25 En Micha zeide: Zie, gij zult het zien, op dienzelfden dag, als gij zult gaan van kamer in kamer, om u te versteken.
26 De koning van Israel nu zeide: Neem Micha, en breng hem weder tot Amon, den overste der stad, en tot Joas, den zoon des konings;
27 En gij zult zeggen: Zo zegt de koning: Zet dezen in het gevangenhuis, en spijst hem met brood der bedruktheid, en met water der bedruktheid, totdat ik met vrede weder kom.
28 En Micha zeide: Indien gij enigszins met vrede wederkomt, zo heeft de HEERE door mij niet gesproken! Verder zeide hij: Hoort, gij volken altegaar!
29 Alzo toog de koning van Israel en Josafat, de koning van Juda, op naar Ramoth in Gilead.
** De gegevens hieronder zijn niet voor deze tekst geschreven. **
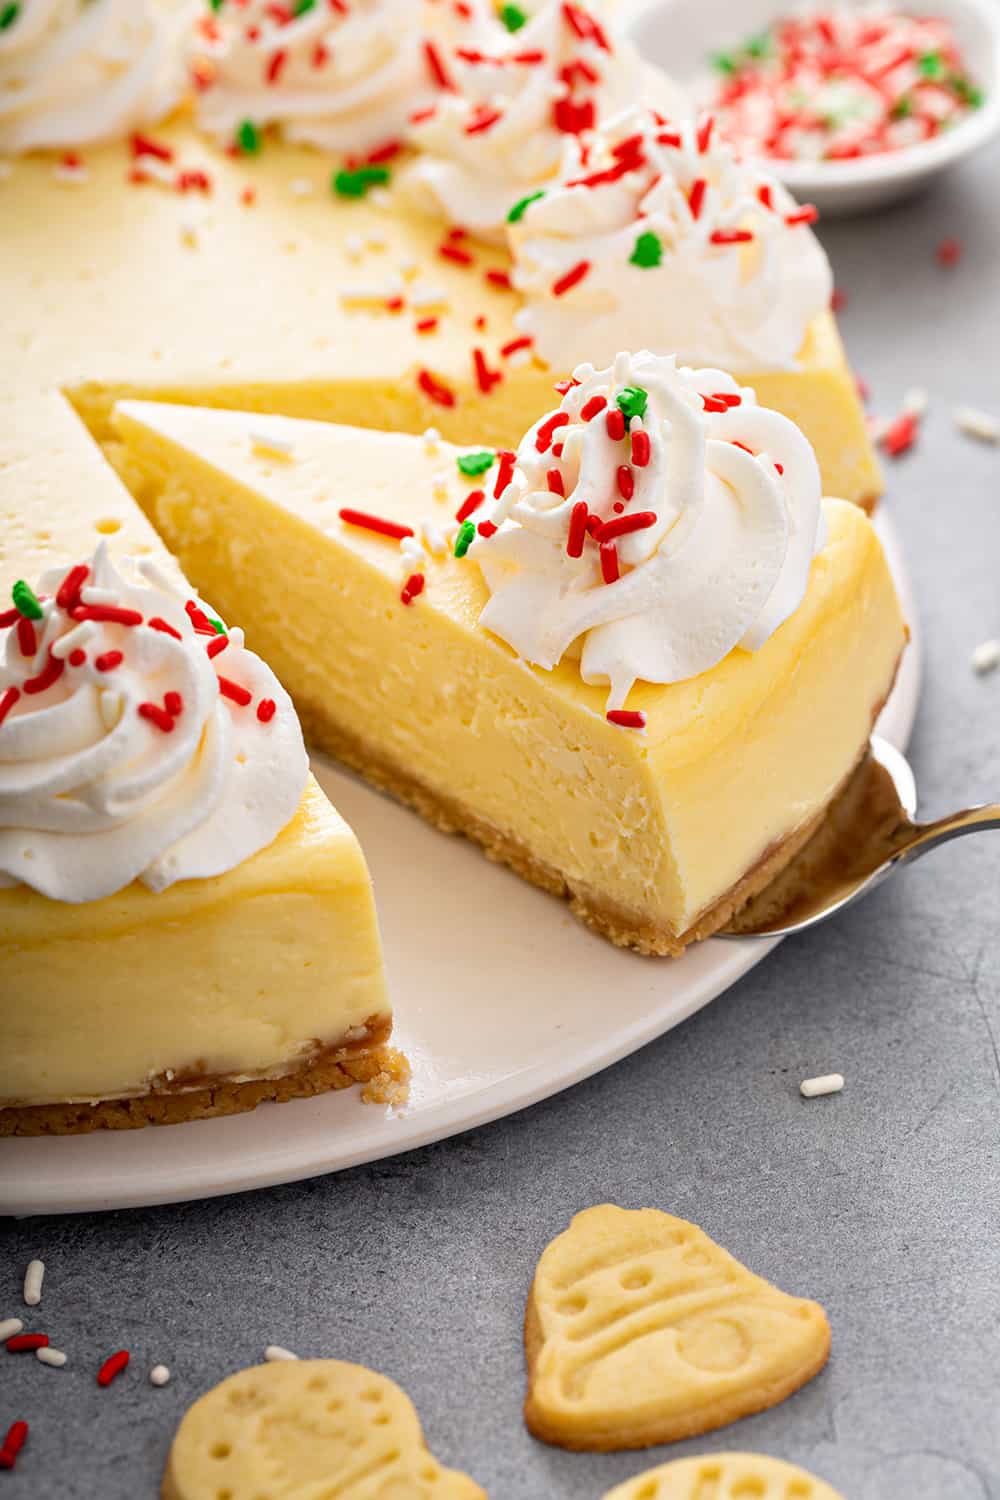 https://www.mybakingaddiction.com/wp-content/uploads/2015/12/slice-of-sugar-cookie-cheesecake.jpg

30 En de koning van Israel zeide tot Josafat: Als ik mij versteld heb, zal ik in den strijd komen; maar gij, trek uw klederen aan. Alzo verstelde zich de koning van Israel, en kwam in den strijd.
31 De koning nu van Syrie had geboden aan de oversten der wagenen, van welke hij twee en dertig had, zeggende: Gij zult noch kleinen noch groten bestrijden, maar den koning van Israel alleen.